The first archaeological investigations conducted in Saint-Philippe in 1973 identified nine former wells along the coast, only three of which can still be seen today. In 2014, an archaeological record was made of the Puits Arabe.

The Puits Arabe

This well is located on the district’s northeast coast. An open-air stairway leads, via an underground gallery, to a vertical shaft at least nine metres deep. Some twenty moil holes attest to the use of explosives to sink the well.

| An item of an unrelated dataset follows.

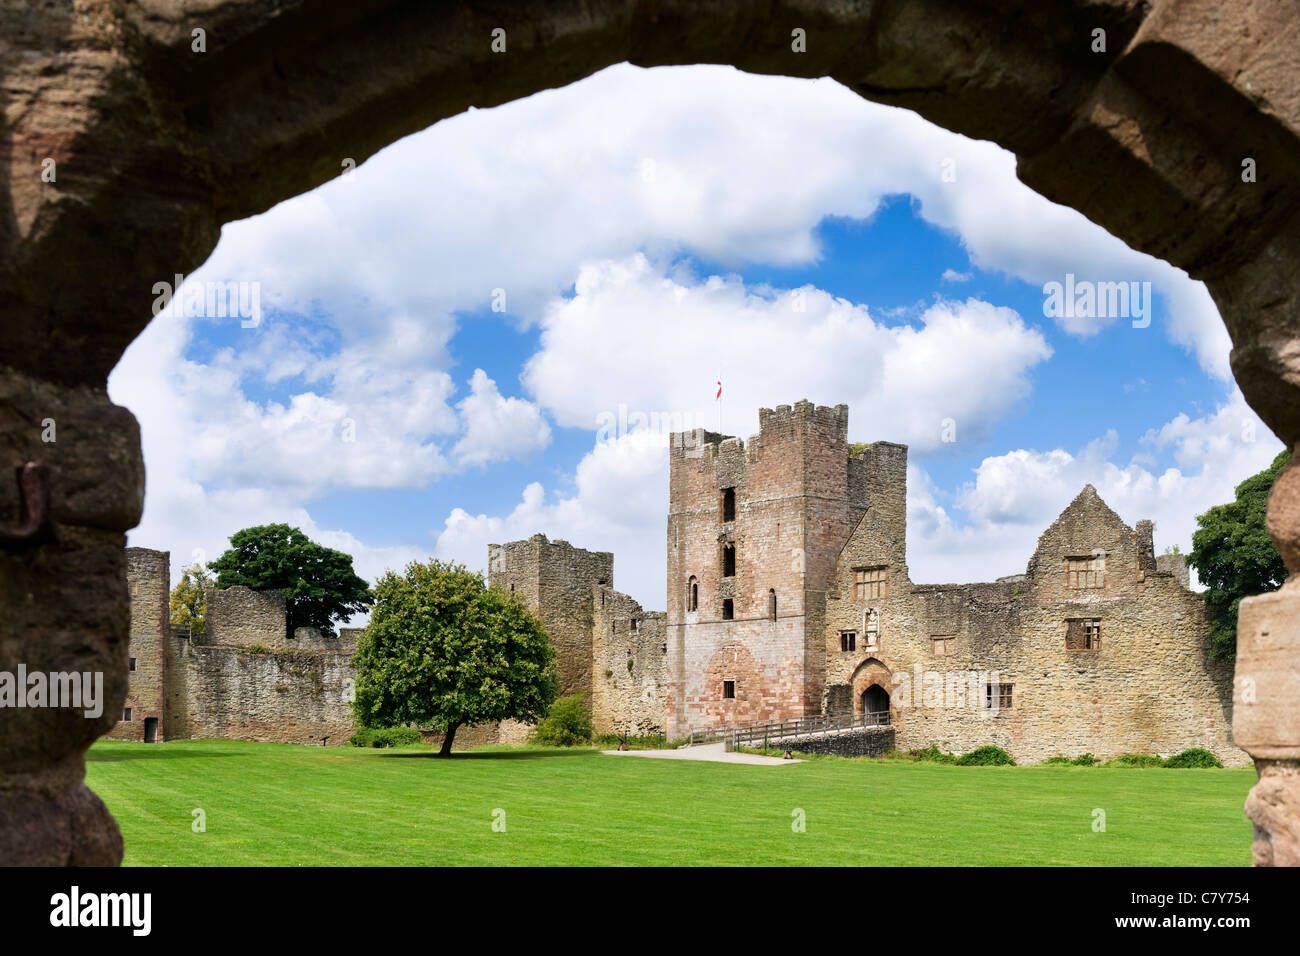 Ruins of Ludlow Castle, Ludlow, Shropshire, England, UK Stock Photo

According to several accounts, the vertical shaft was sunk in the second half of the 20th century prior to the installation of a pump. Successive rodding of the well probably means that remains are unlikely to have survived intact. Its name appears to have originated with A.-G. Garsault who, in 1901, mentioned the existence of a work of this type, built "near Saint-Philippe" by an "Eastern civilisation". Although tradition kept the legend alive, it is unlikely it was dug by Arab sailors before the 17th century, since this coast was particularly difficult to access.

Access to water

Like the Puits des Français, the location of the Puits Arabe offers an insight into how the first settlers here solved the water supply problem. At the interface between two volcanic flows from different ages, the site is favourable to groundwater flow and the fractured rock made it was easier to sink the well at this point. It was sunk at the site of an ancient gully.